Check to see is they contain urea, as most houseplant fertilizers do. Urea becomes ammonia in the aquarium, bad for starting algae, unless you can be absolutely sure they will never migrate up out of the substrate. If you do use them, I recommend cutting them into quarter inch pieces and using only a couple at a time - I did that a few years ago and the swords reacted very well. Of course, eventually they did migrate to the surface and I got a huge algae bloom.


----------



## rpc212 (Sep 29, 2005)

Ok this is what it says on the back of the package:

Total Nitrogen 13%:

2% Nitrate Nitrogen
2% Urea Nitrogen
2% Water Soluable Organic Nitrogen
7% Water Insoluble Nitrogen

Available Phosphoric Acid (P2O5) 4%
Soluable Potash(K2O) 5%
Derived from: Ureaformaldehyde Nitrogen, Triple Superphosphate, Potassium Nitrate.

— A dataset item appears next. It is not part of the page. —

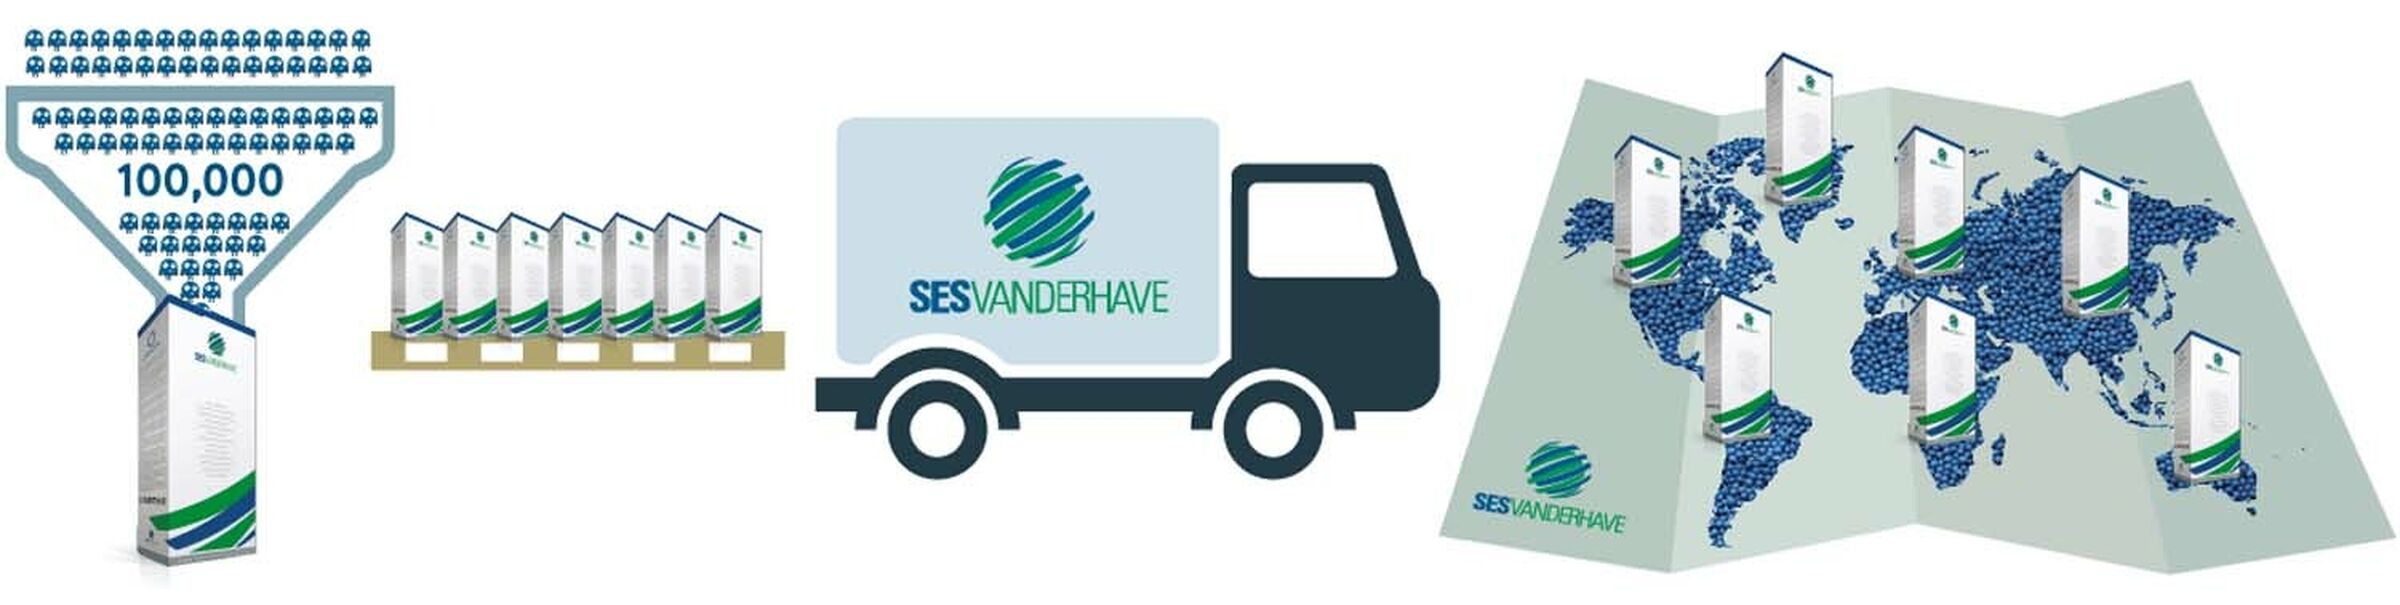 SESVanderhave Nederland suikerbieten zaadverwerking verpakking

Does the above constituents look safe and useable in an aquarium or are these bad? 

The Urea Nitrogen and Ureaformaldehyde Nitrogen scare me from what you, Hoppy, said above.

Thanks,

rpc212


----------



## jake (Feb 20, 2004)

I don't like jobes because months later you can still find chunks of them in the substrate, as in they don't completely dissolve away. 

If I didn't make my own fert tabs, I'd just buy the el cheapo AP Planttabs or something, like $3 for 50 or whatever. If those jobes you have got worked into the water column somehow, I'd think you'd have problems.


----------



## dschmeh (Feb 5, 2006)

i put one of the same under my amazon sword and its doing very well, I see a noticable improvement. its been in there about three weeks, so far so good . You have to make sure you bury it deep in the substrate and make sure you dont disturb it or it will enter the water and then youll have problems.


----------



## rpc212 (Sep 29, 2005)

What are AP Plant Tabs? Where can I buy them?

Thanks,

rpc212


----------



## Naja002 (Oct 12, 2005)

> they don't completely dissolve away.


That's True. I have found them after they "should" already be gone.

But, that said, I use them and I have exposed them within a couple of days, weeks and longer and never had any problems. Yet others claim algae outbreaks after exposing them, so....

I guess this is kind of a YMMV issue.


----------



## esarkipato (Jul 19, 2005)

I have a 1/4" peice under a crypt wendtii "brown" and it's sprouting many more new leaves than the similar sized wendtii that doesn't have a spike under it  

NOw if I can just keep those cories out of the substrate . . . . .


----------



## fosteder (Apr 8, 2004)

IMO they aren't worth the trouble. Some people may have success and that's good, but I am one that is always plants and replants, which usually includes disturbing the substrate. I don't like having to worry about spikes. They don't disintigrate well, even over time. They will cause algae. In my case it was BGA that wouldn't stay away. Blackouts, Maracyn etc. I finally replaced the substrate which solved the problem. If you are dosing water column, the plants should be fine without them. 

Just my 2 cents worth. :smile:


----------



## Hoppy (Dec 24, 2005)

Yesterday I injected about a normal dosage of traces under a sword plant using a plastic syringe. If it perks up the plant I will certainly report it here. That seems to be the best of all worlds if it works. Has anyone had success doing this?


----------



## Marcotome (Aug 13, 2012)

I use jobe fertilizer stick on my tank. A lot at same time because my eco-complete is old. Somehow the sticks got exposed to water column and now I have a huge problem with nitrate. Does anyone now how to get my parameter to normal? I need help.
I even wash my substrate...


----------



## sewingalot (Oct 12, 2008)

Hi Marcotome,

Your best bet is to remove (if you haven't already) the parts that are exposed. Then do water changes, and do them frequently. The plants will eat the nitrates, so you don't have to worry too much, it's the fauna that can have issues. It should balance itself back out as the plants eat up the nitrates and you do water changes.


----------



## Wasserpest (Jun 12, 2003)

As long as you use them with caution, they are great. I cut them into quarters, and push them all the way down into the substrate every 3-5 of months, or when plants start to grow smaller leaves.

Obviously, don't use a large number of them in a small tank with a very shallow substrate, UGF, or coarse gravel.

The binder material doesn't dissolve. Not really a big deal, if you pull some up after a year, just vacuum or net it out. Its nutrient contents will be depleted.

If you have to un-earth a plant that you recently supplied with stiks, just vacuum before, during and after you are pulling to remove most of the nutrients that might otherwise end up in the water column.


----------